Methinks you're using too narrow a definition of adventure. (So was I, so thanks for the opportunity to expand.)

Adventure: What occurs when interesting things happen to people, and those people take steps to correct the consequeces of said interesting things, forestall their occurence in the first place, and/or work out things.

By this description of adventure you do run them. Not the traditional adventure where a villain gets his, but adventures.

Young mother to small child at a closed down Heathrow Airport (bad weather): Dear, we're having an adventure.

Think about it.
Alan

Being the protagonist in an RPG does not confer authorial immunity.

Mythusmage

Ron Edwards

Hello,

Alan, I'm afraid I'm going to be harsher than I would to most people. You are patronizing the people reading this thread.

Preparing a reactive situation, rather than a fixed plotline, is the oldest form of role-playing and thus is well-known to many of us.
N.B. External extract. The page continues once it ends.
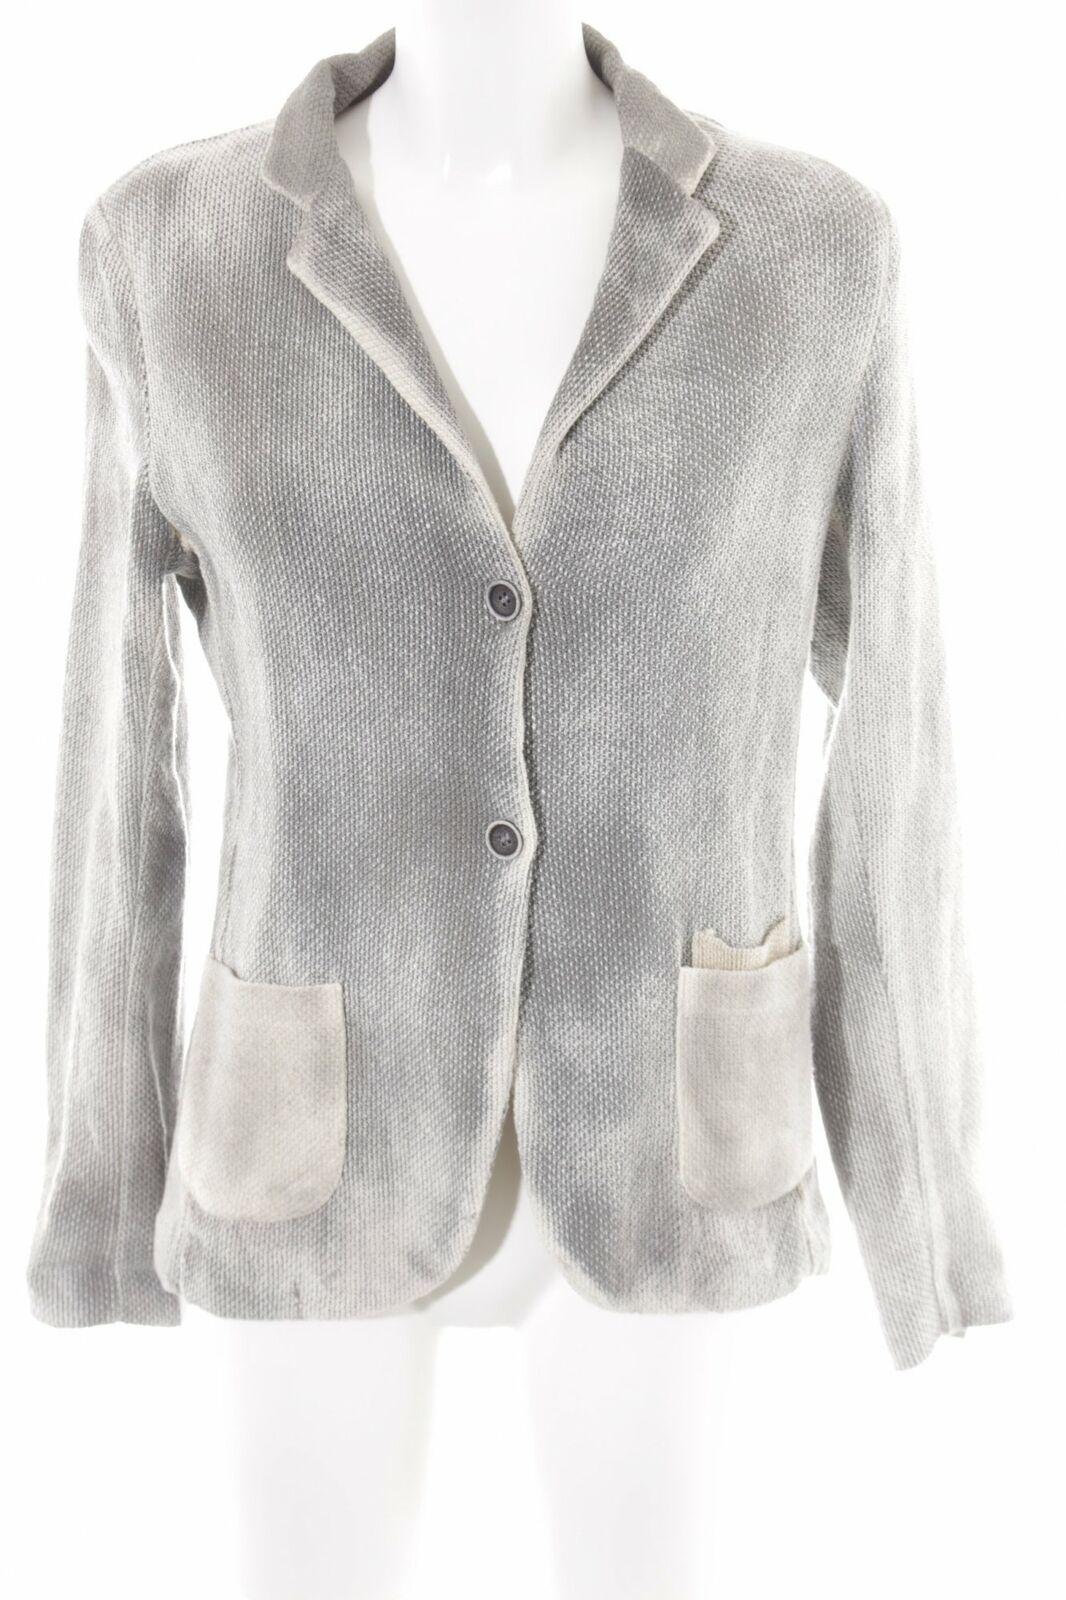 Giacca in maglia grigio-crema sfumatura Casual-look da donna tg. de 38 A MAGLIA ABBIGLIAMENTO

In terms of my theorizing, this is a "technique" which may be practiced throughout the three GNS modes. It's not specific to any particular one of them, nor prohibited to any one of them.

You've paraphrased the GNS modes most clearly in your latest post ... and thereby demonstrated a pretty common initial-reading misunderstanding of them. Chris has identified your "story" misapprehension already; my Simulationist essay has a whole section about the verb "to simulate" and how it relates, or doesn't, to the mode of play termed from it.

Anyway. Thanks for your input. But the target is oh, about 94 degrees to your right, and canted a fair angle upwards from the horizontal plane you're looking at.